***** Dataset content

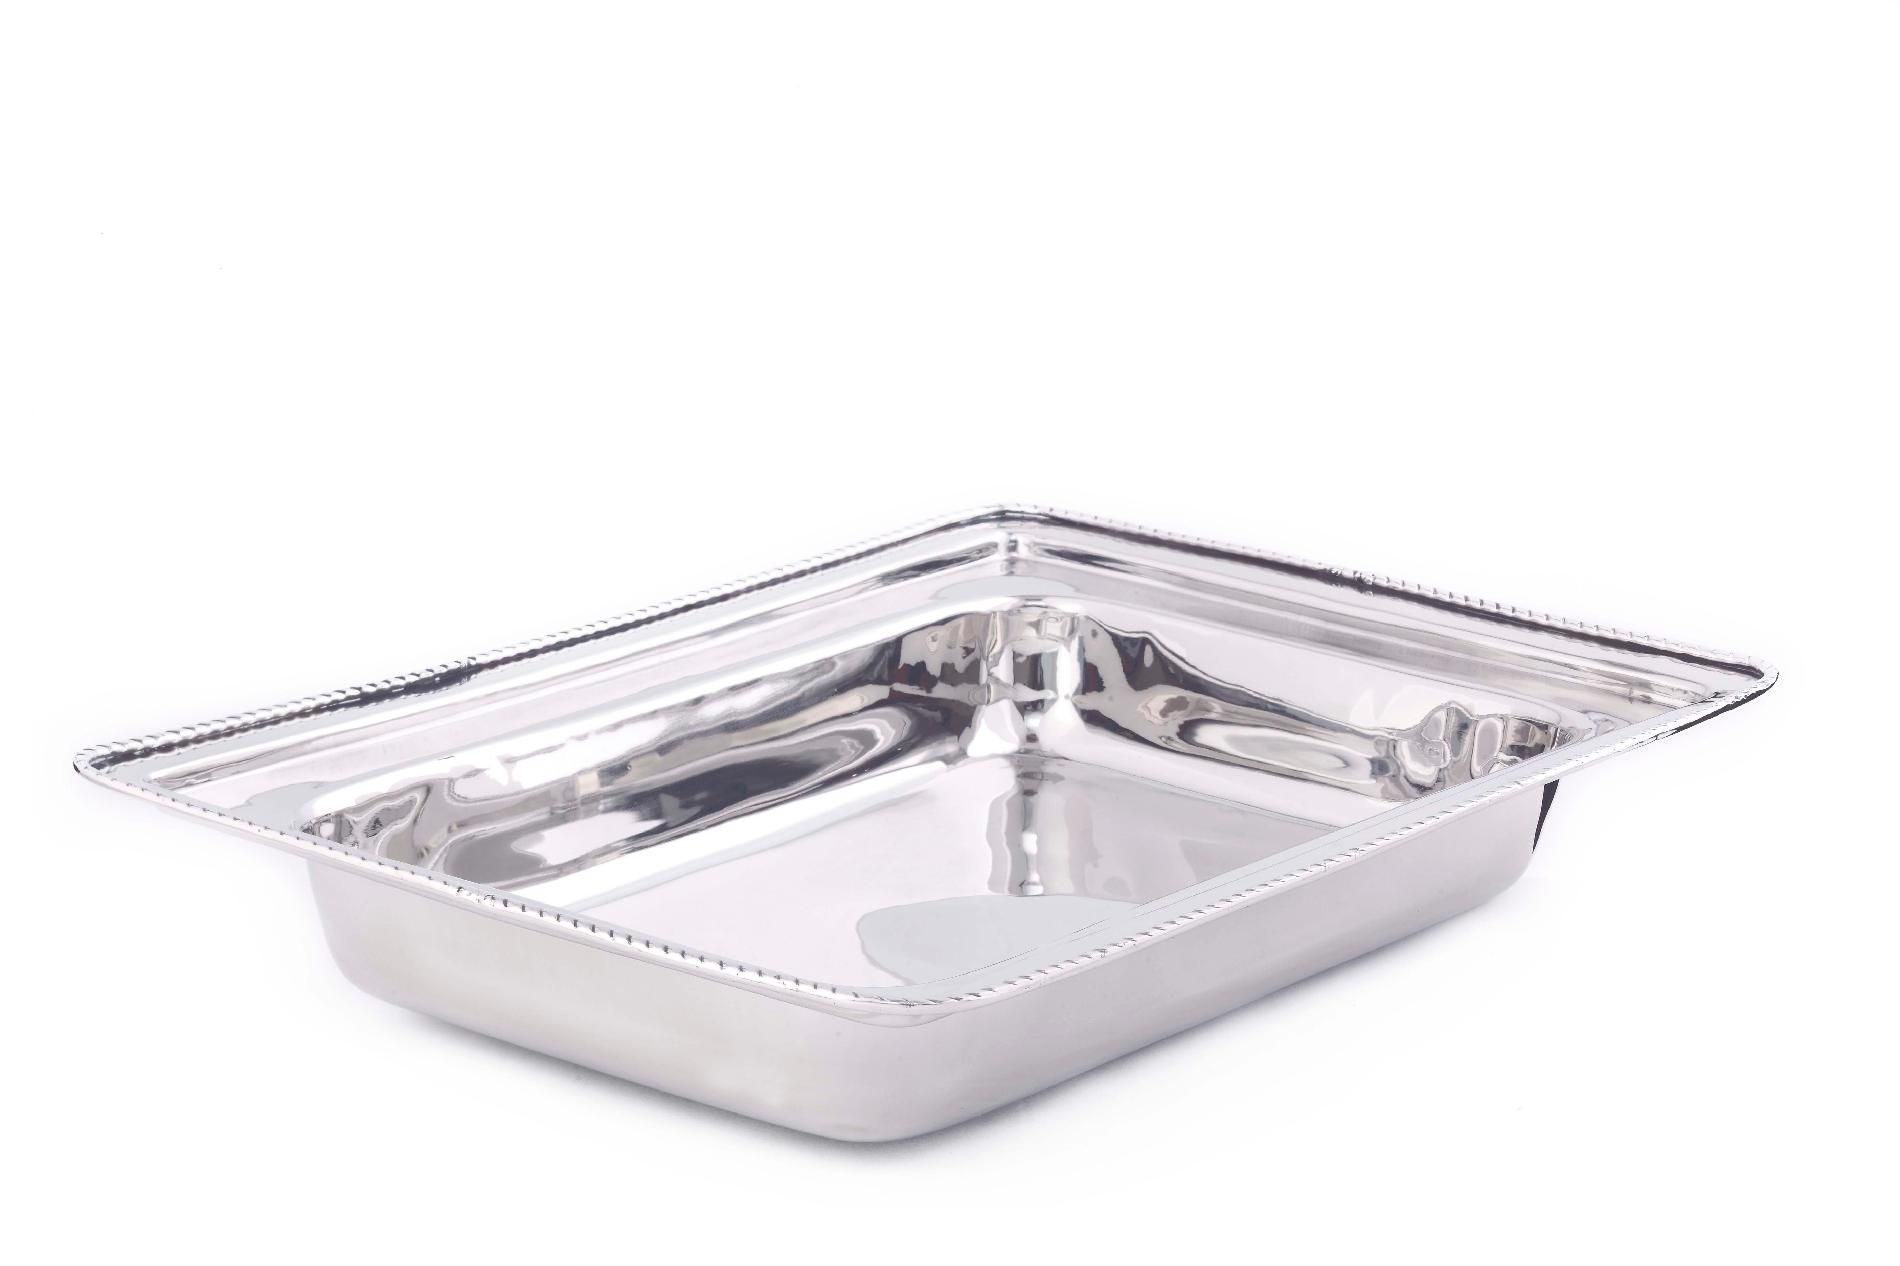 Old Dutch International FP683 Stainless Steel Food Pan for Chafing Dish #683
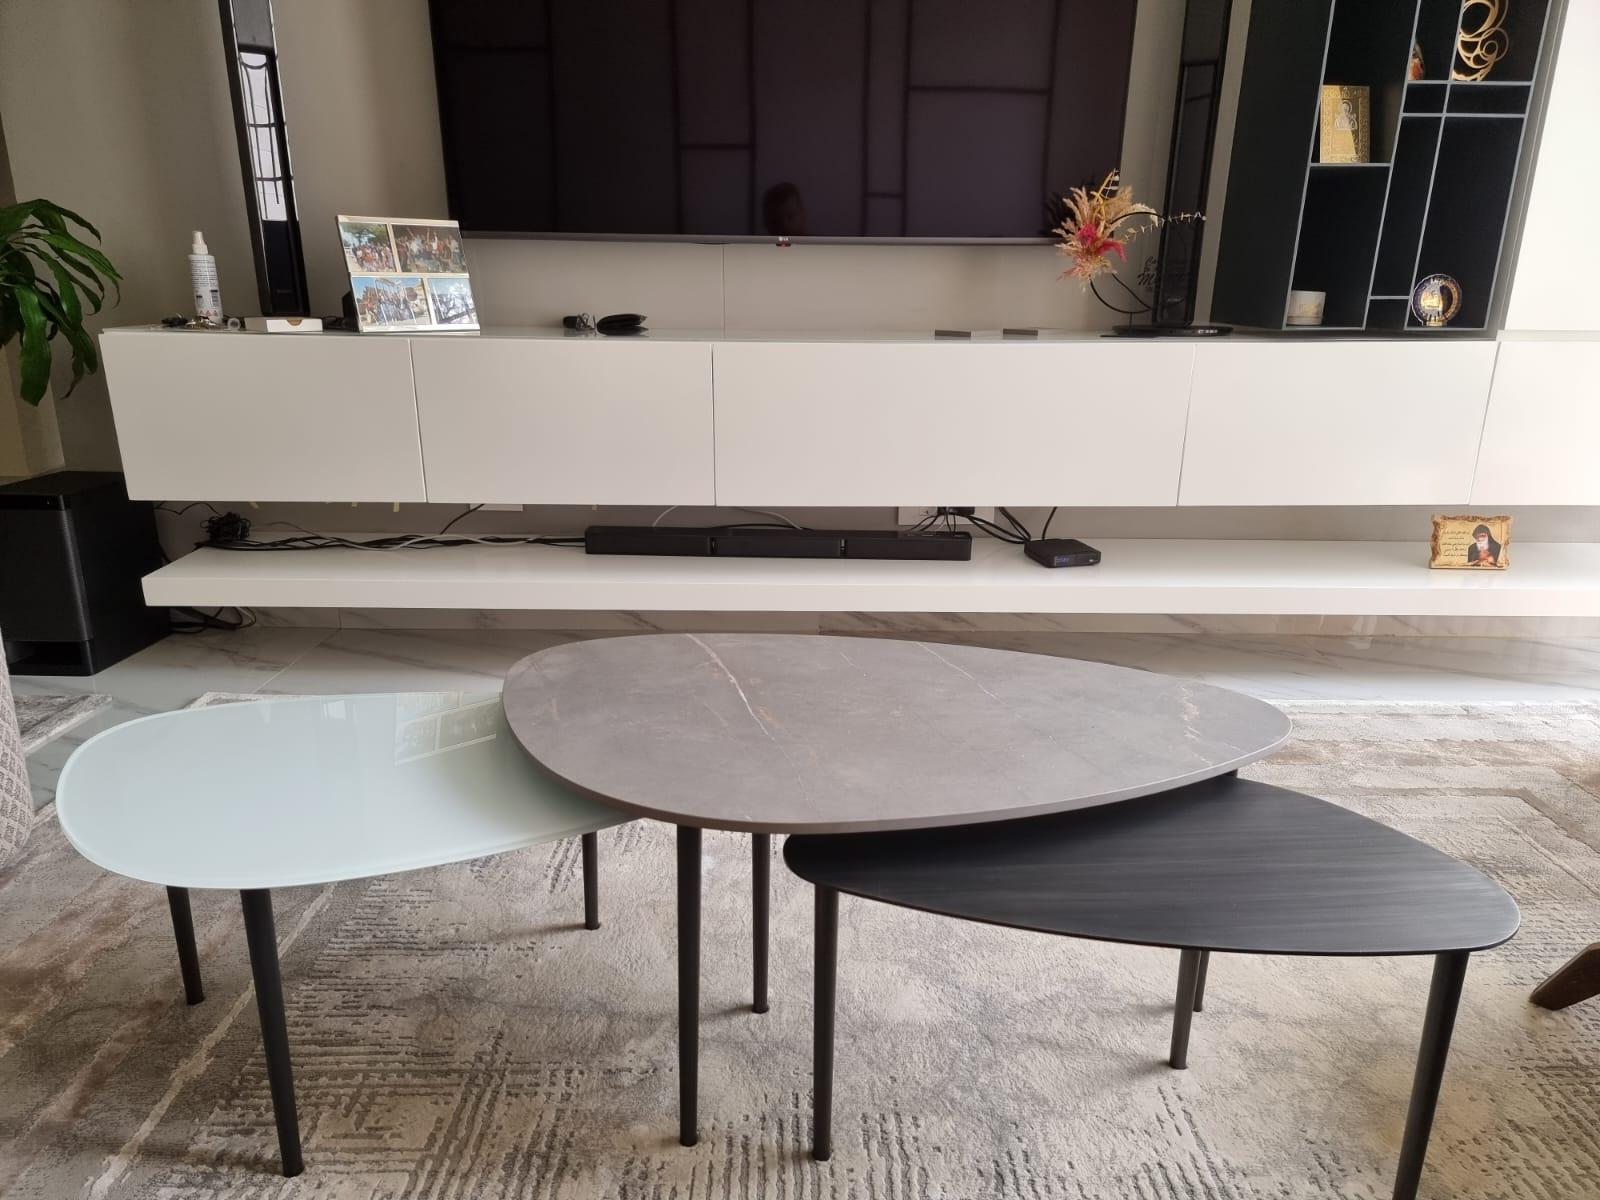 Set of 3 coffee tables that have the same top shapes and legs but in different sizes, varied heights and several materials of the tops. The 3 tops vary between back-painted glass, grey ceramic and brushed gun metal. 
The tops have asymmetrical oval

**********

Restate the data above word for word. Do not include the images.

▸ Exercise output
 Old Dutch International FP683 Stainless Steel Food Pan for Chafing Dish #683
 Set of 3 coffee tables that have the same top shapes and legs but in different sizes, varied heights and several materials of the tops. The 3 tops vary between back-painted glass, grey ceramic and brushed gun metal. 
The tops have asymmetrical oval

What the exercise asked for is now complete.